All or Nothing is a Limey flick that I was tricked into seeing because I think Timothy Spall is about the best actor at portraying the everyman. I still think that, but without anything interesting to do, his ability to play the average guy just looks like, well, watching an average guy.
In All or Nothing, Spall plays a lazy taxi driver in a loveless marriage with a couple of fat, lethargic and unhappy kids. They live hand to mouth in a rundown London housing project with equally unhappy neighbors. The characters plug along until, as always in the movies, a crisis requires them to re-examine why they are so unhappy and how they got there. The characters make an attempt to retrieve their lives from the shitter, and the movie ends with the big, poignant ambiguous ending. Will they find happiness or are they doomed to misery for eternity?
Despite excellent acting and a few powerful scenes, I mostly didn’t fucking care. These are boring, sad people, which is fine in itself so long as they have some revelation. They don’t, though. They just have miserable lives that plod along without exposing anything new. Director Mike Leigh has confused capturing poverty with poignance, and as anyone who has ever had to eat cat food can tell you, being poor just ain’t so interesting.

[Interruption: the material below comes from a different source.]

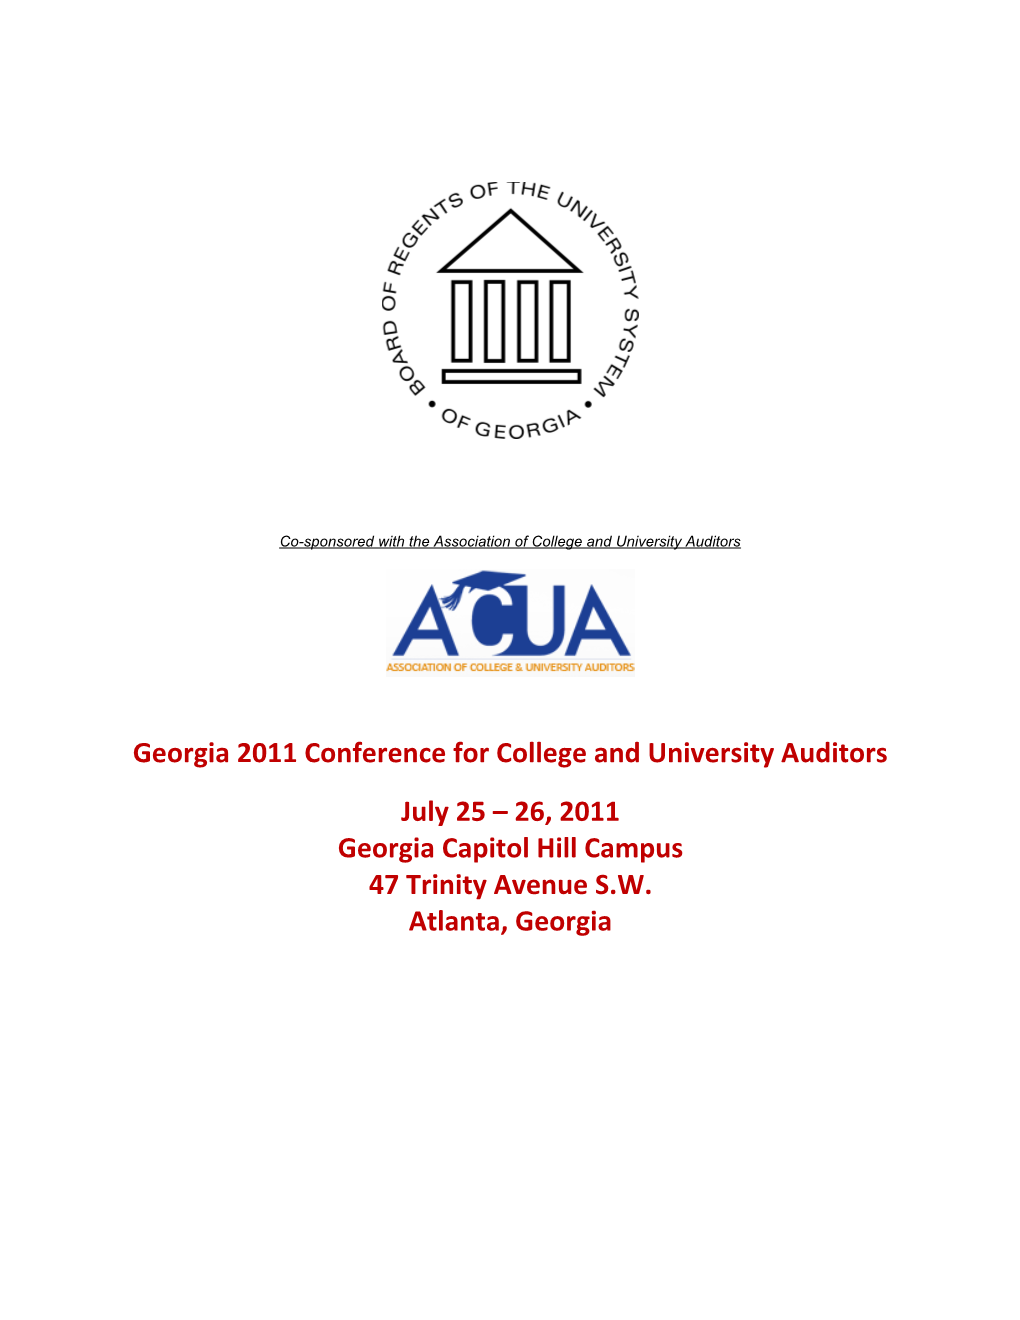 Georgia 2011 Conference for College and University Auditors
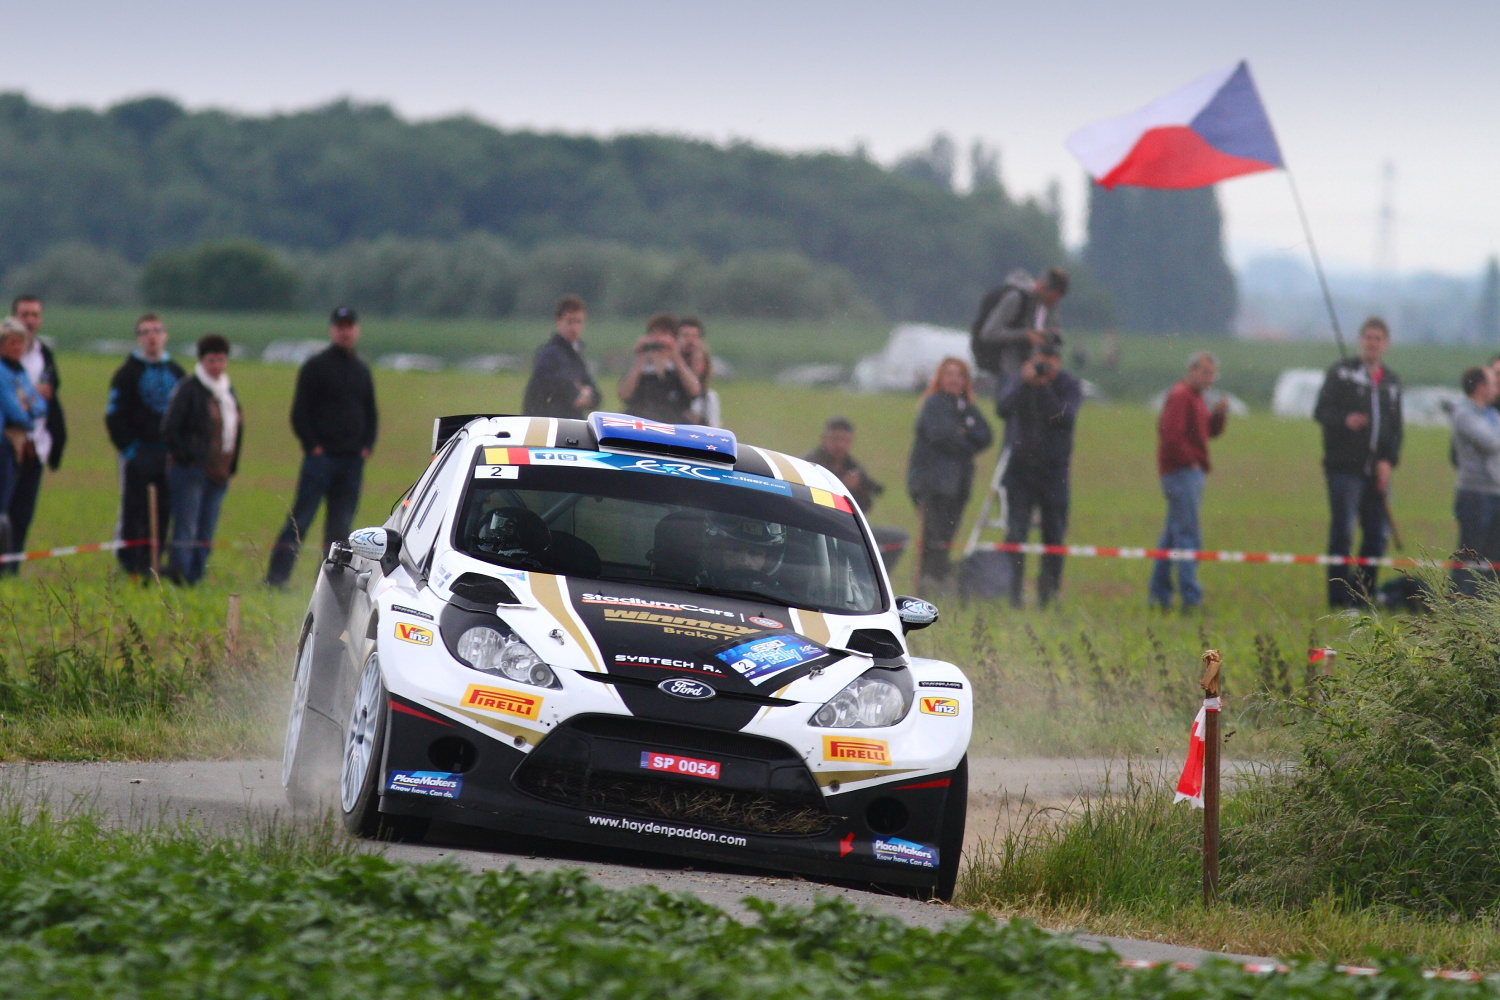 Paddon achieves stage win on opening day of Ypres Rally

I love movies about average people, but what I love is for the characters to be “average” and not genuinely as dull and lame as the real average. I want them to subtly exceed the boundaries of the mundane and serve as inspiration, amusement or a lesson to the rest of us living in dingy apartments near railroad tracks. All or Nothing is too obsessed with filming shit to dig in and uncover the undigested kernels. I suppose Leigh can feel noble for training his talents and those of his actors on such shitty lives. Maybe it’s a tax writeoff. Otherwise, why bother?
If anyone needs to be entertained or given hope through the movies, it’s people like those Leigh depicts. But, there’s nothing here for them except a warning that their lives will continue to suck and I think they already knew that. Leigh is more interested in serving as the National Geographic of London’s ghettos for rich liberals than he is in improving lives. The fat rich folks watch it and cluck their tongues, and then feel good about themselves for having felt sorry for poor people.
All or Nothing is just unrelentingly depressing without a good reason, and I can get that by jerking off to too much Internet porn or eating Mrs. Filthy’s half of the Thanksgiving pies and then feeling like a jerk. Two Fingers.
Before I go off to make an experimental meringue from our carpet cleaner and more sugar, I want to give a plug for Denver’s Starz Theater in the old Tivoli building. Now here’s an art theater that isn’t so fucking impressed with itself as the snooty Landmark’s. Friendly employees, matinee prices up until six p.m. and Denver’s best schedule of retrospectives and older movies. If you live in Denver, fuck those pretentious assholes at the Mayan and the Esquire and support Starz. They try harder and they don’t act like their shit don’t stink.